MATERIAL PROVIDED
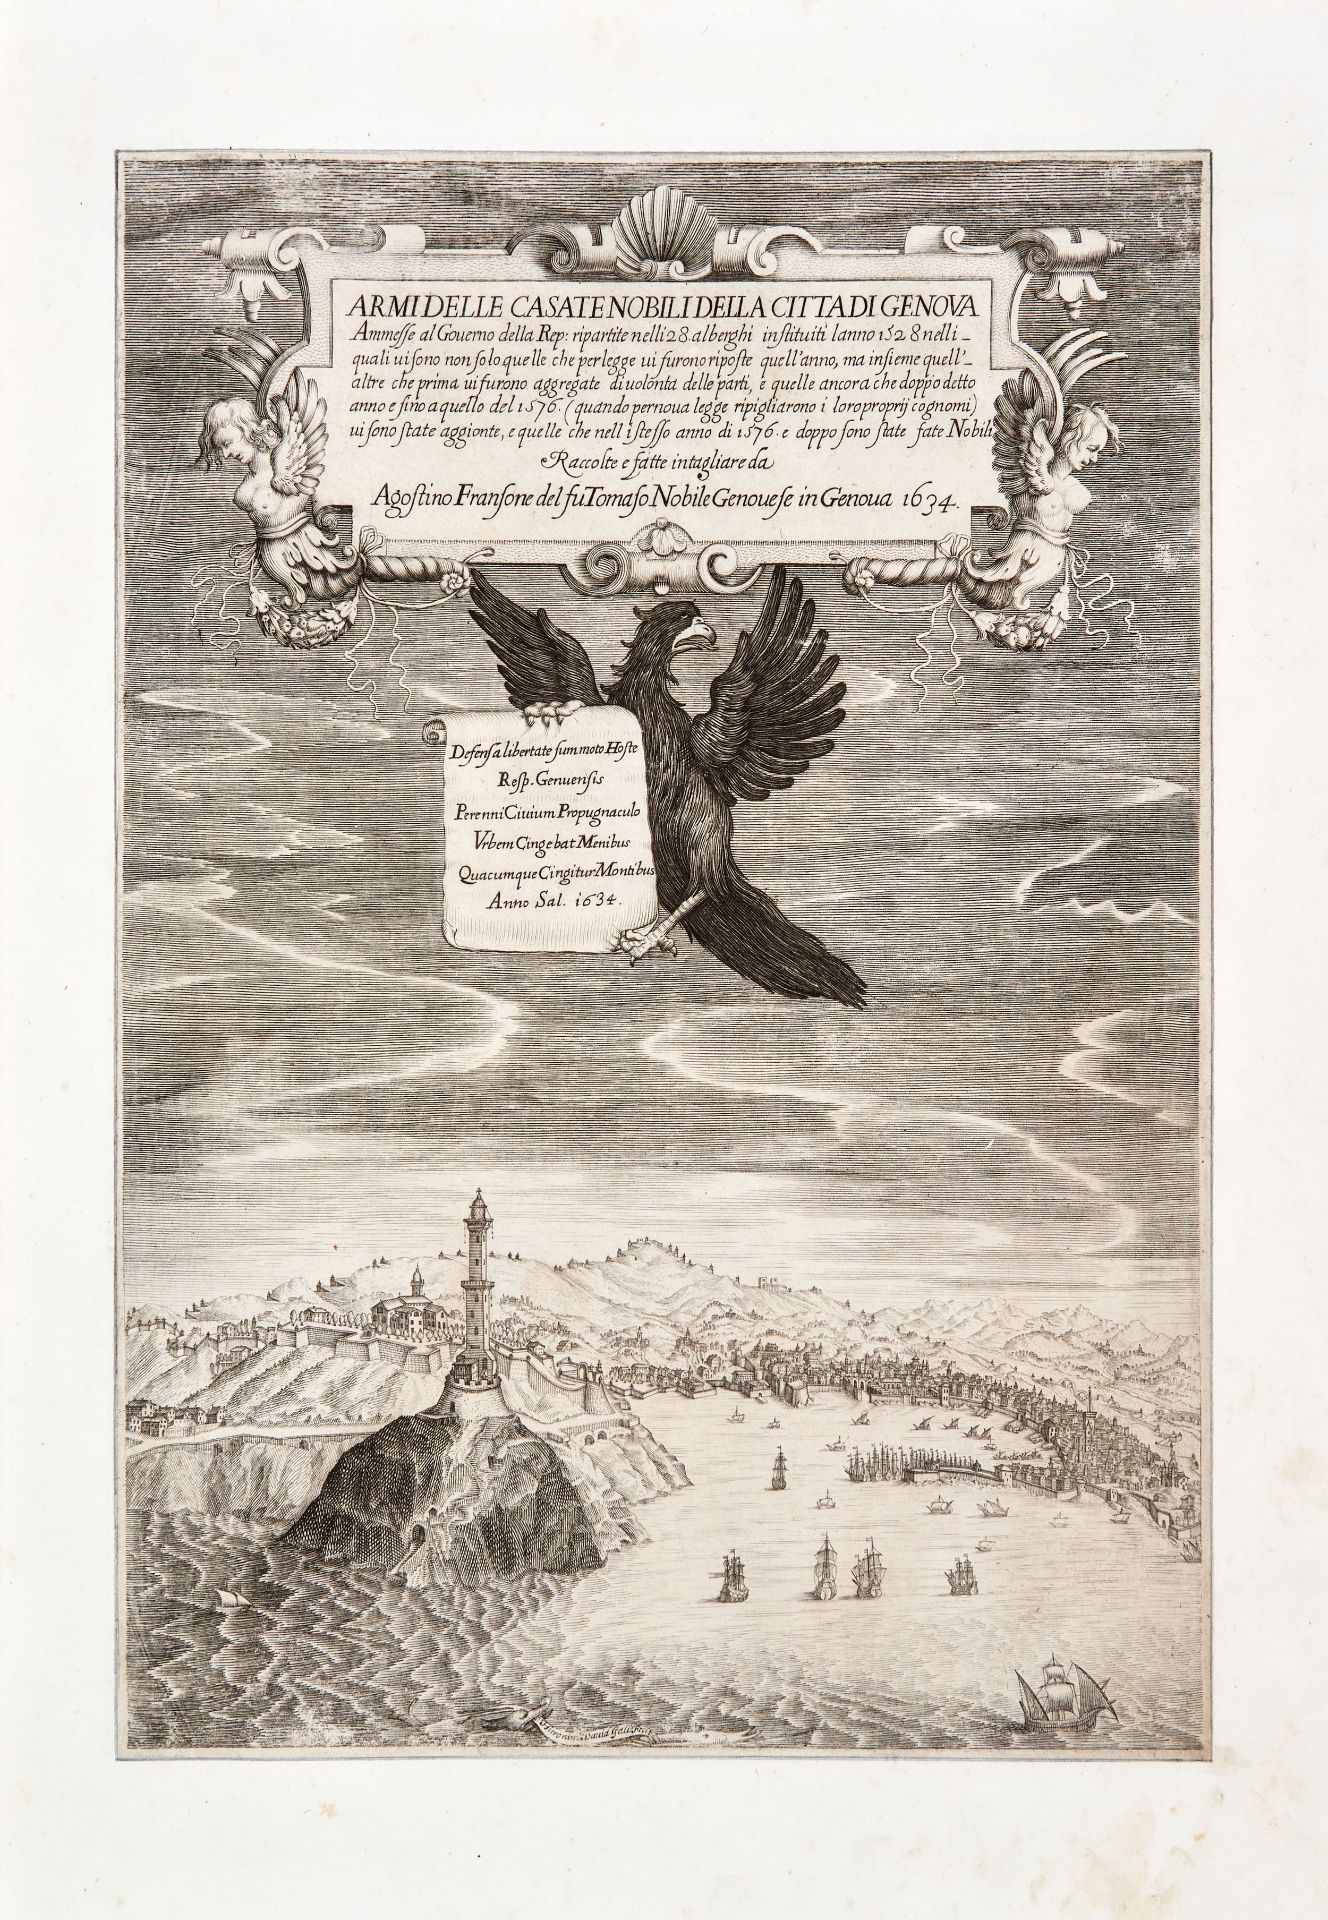 [GENOVA] FRANSONE, Agostino (1573-1658). Nobility of Genoa. Genoa: Giovanni Calenzano and Giovanni
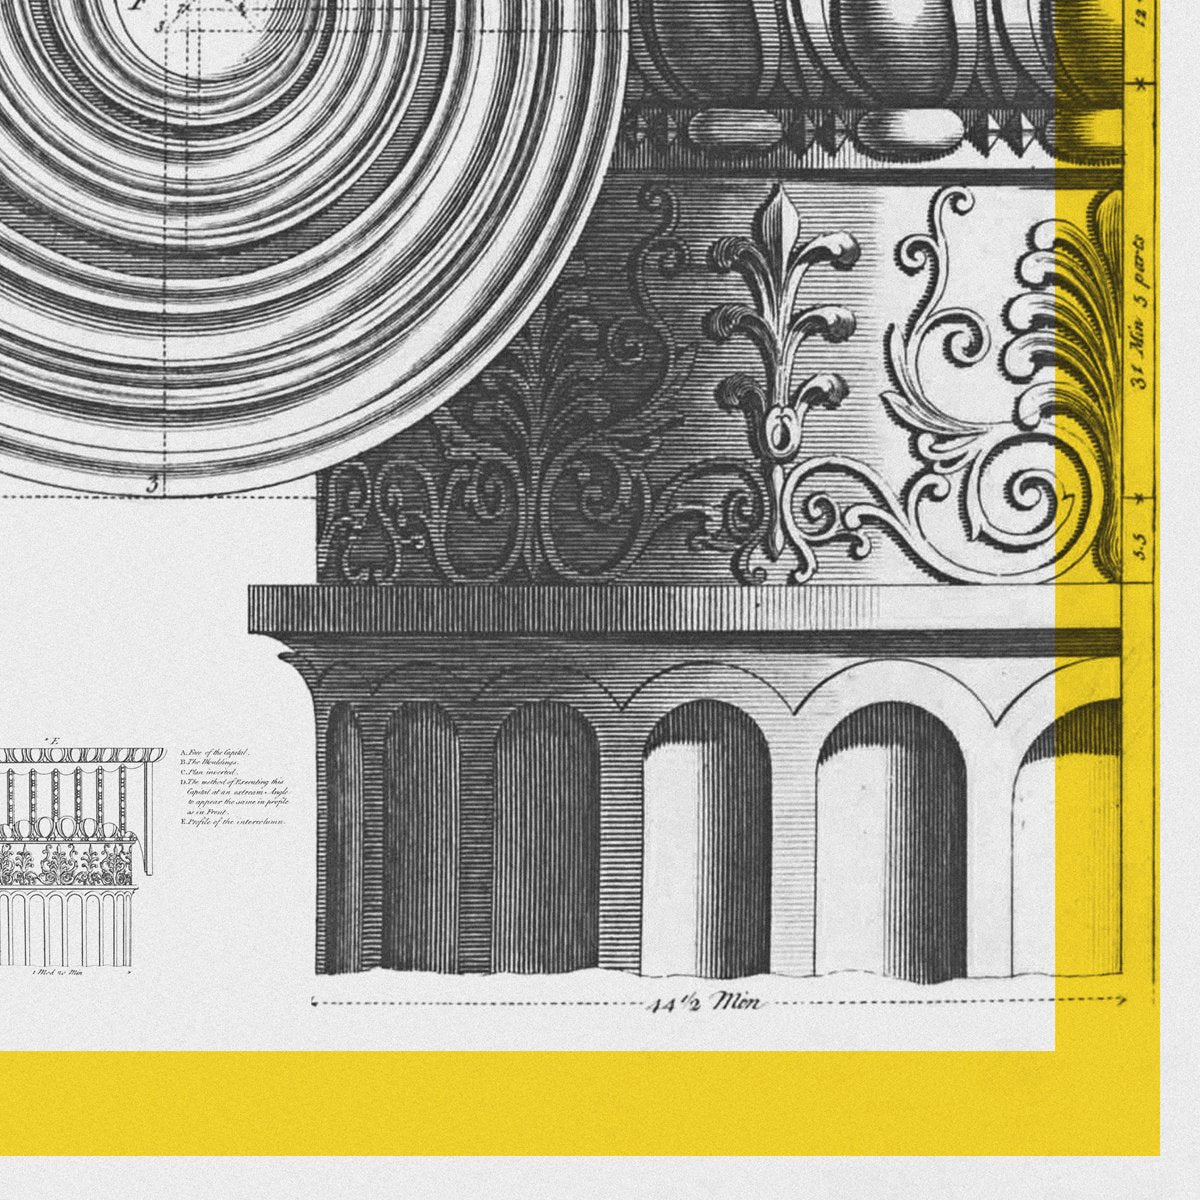 Capitello Ionico Romano Architecture Poster
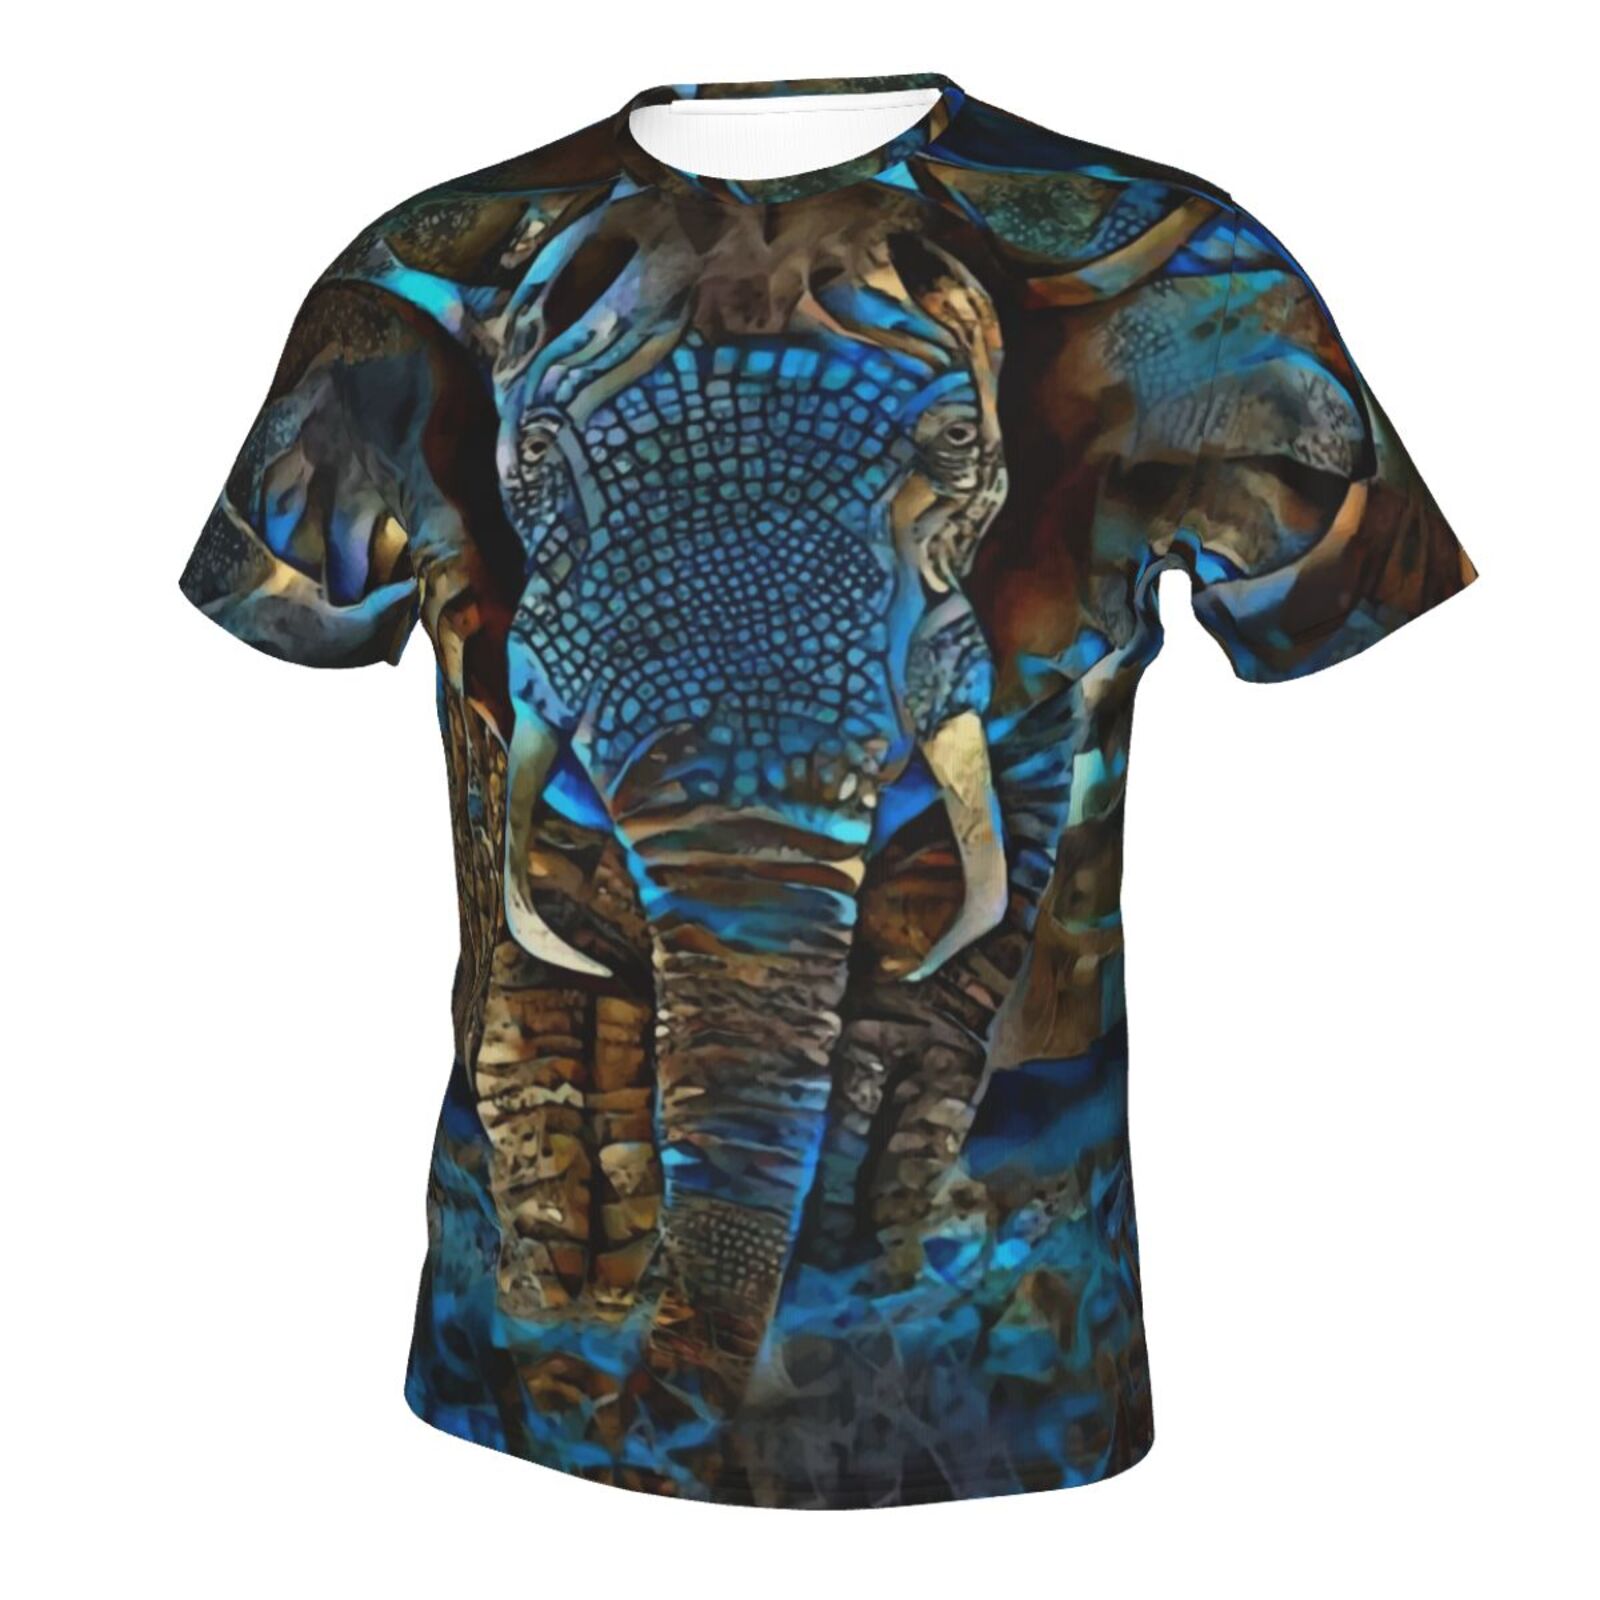 Elefant Braun Blau Medien Mischen Elemente Klassisch Schweiz T-shirt

YOUR TASK
From the first line to the last, write out the data above exactly. Omit the pictures.

FINISHED EXERCISE
 [GENOVA] FRANSONE, Agostino (1573-1658). Nobility of Genoa. Genoa: Giovanni Calenzano and Giovanni
 Capitello Ionico Romano Architecture Poster
 Elefant Braun Blau Medien Mischen Elemente Klassisch Schweiz T-shirt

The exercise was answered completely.